Faculty Member - Division of Biological Sciences University of Missouri-Columbia

Detection of Gbx1 and Gbx2 RNA expression in wild-type embryos at embryonic day 10.5 by whole-mount in situ hybridization. (A,B) are lateral views. (C,D) are transverse sections of the neural tube. ba, branchial arch; fl, forelimb bud; g, genital region; hl, hindlimb bud.

Research description

To understand normal brain/central nervous system (CNS) function and neuropathies affecting the CNS, it is paramount to understand how nerve cells are assembled into neural circuits that define the behavioral repertoire of the mature organism. Locomotion in mammals is generally thought to depend on neuronal circuits in the spinal cord. Therefore, the study of movement control has relevance to our general understanding of brain function, by providing important clues about the assembly of neuronal circuits that underlie complex behaviors. The main research interest in my laboratory is to understand the developmental program of nerve cells within the mouse embryonic spinal cord. The mouse embryonic spinal cord contains multipotential progenitor cells, which give rise to postmitotic interneurons and motorneurons. Because of its relative simplicity, the developing spinal cord serves as an important system for defining molecular mechanisms that contribute to the assembly of neural circuits.

Currently, our research focuses on a class of homeobox genes, known as the Gbx genes, which encode DNA-binding transcription factors expressed in the developing CNS. Developmental and functional studies addressing neuronal patterning in the mouse embryonic spinal cord have highlighted the central role of homeoproteins in controlling the expression of genes in neural progenitor cells and ultimately their specification, differentiation and assembly into functional circuits. We have recently shown that the Gbx gene family is involved in regulating anterioposterior patterning of the anterior hindbrain, branchiomotor neuron development and locomotion. We are particularly interested in understanding: 1) how these transcription factors confer positional value of nerve cells; 2) how they promote the specification of nerve cell identity; and 3) the identity of the transcriptional target genes that are directly regulated by them in vivo.

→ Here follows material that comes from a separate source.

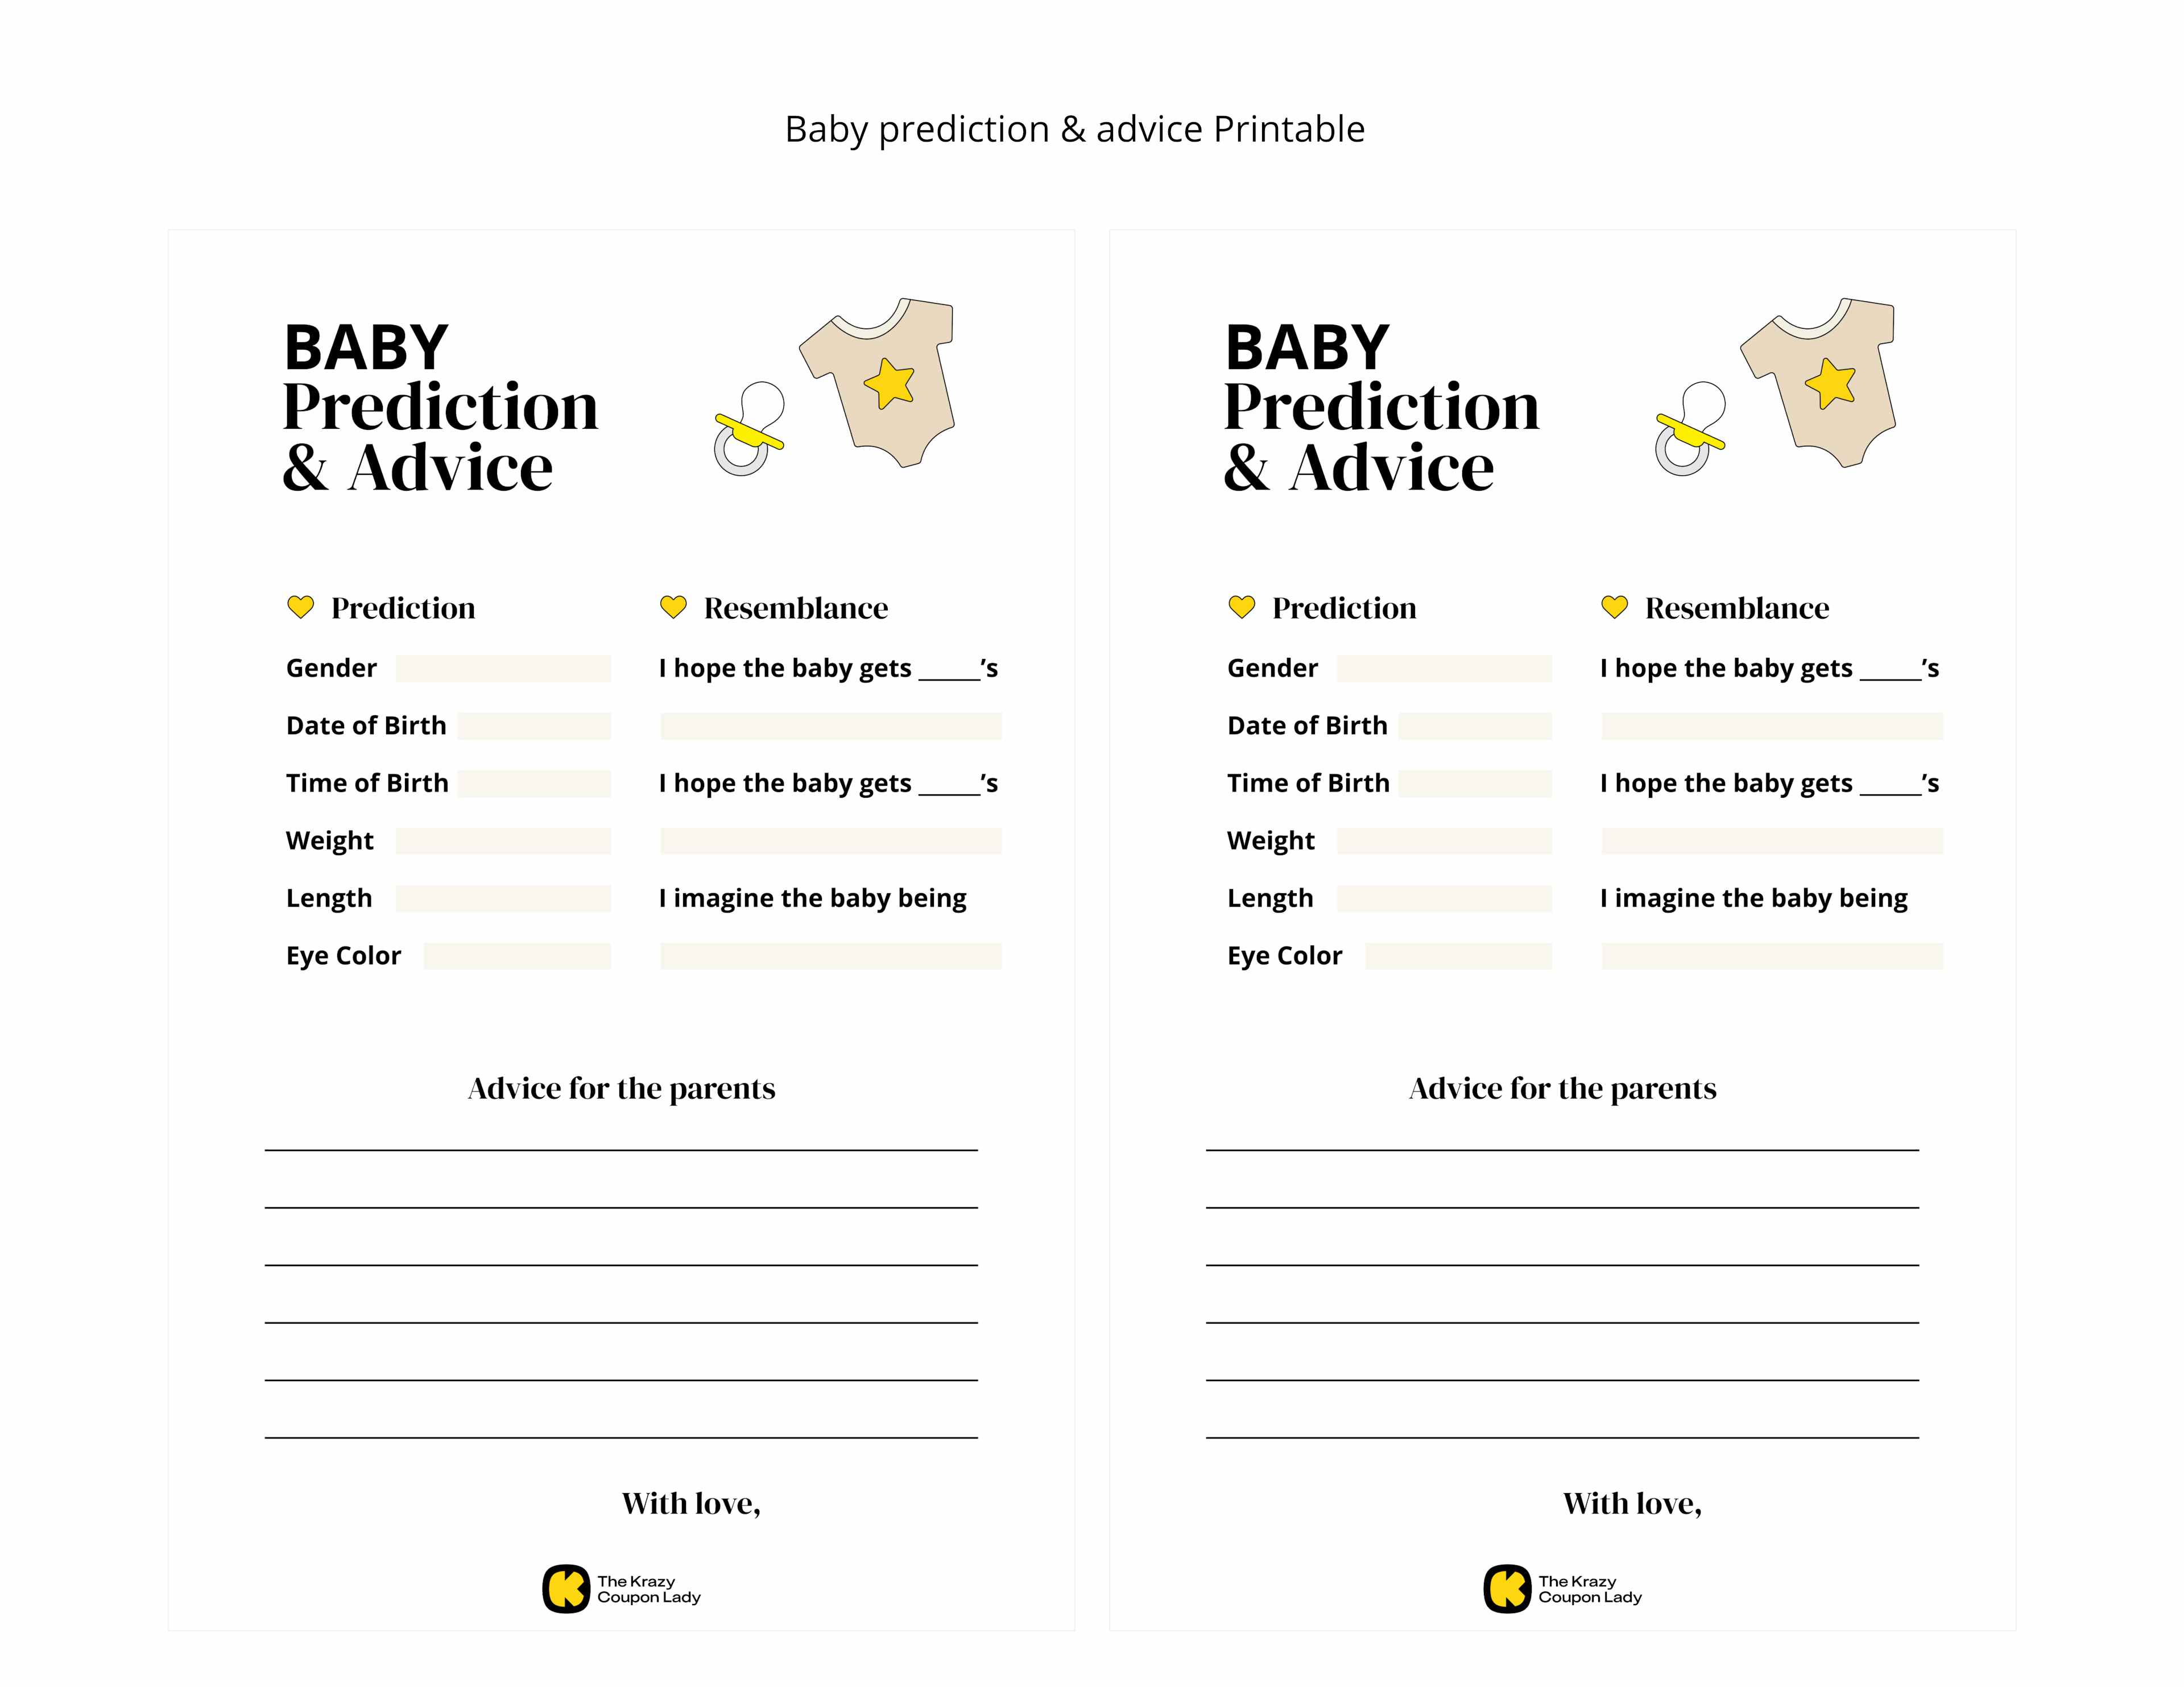 Baby prediction & advice printable

A major experimental approach utilized in the lab is to study the disruption of normal development in mouse embryos that carry loss-of-function alleles generated by Cre-loxP and Flp-FRT-mediated DNA recombination. This methodology has proved extremely advantageous by enabling high fidelity DNA modifications and the precise control of gene expression in a tissue-specific manner. By using this methodology in combination with other molecular and histological techniques, we aim to provide valuable insight towards understanding the assembly of functional circuits in the developing spinal cord and the interneuronal network underlying locomotion in mammals. Detection of Gbx1 and Gbx2 RNA expression in wild-type embryos at embryonic day 10.5 by whole-mount in situ hybridization. (A,B) are lateral views. (C,D) are transverse sections of the neural tube. ba, branchial arch; fl, forelimb bud; g, genital region; hl, hindlimb bud.

Selected publications

Waters, S. T. and M. Lewandoski. 2006. A threshold requirement for Gbx2 levels in hindbrain development. Development 133: 1991-2000.

Waters, S. T., Wilson, C. P. and M. Lewandoski. 2003. Cloning and embryonic expression analysis of the mouse Gbx1 gene. Gene Expression Patterns 3: 313-317.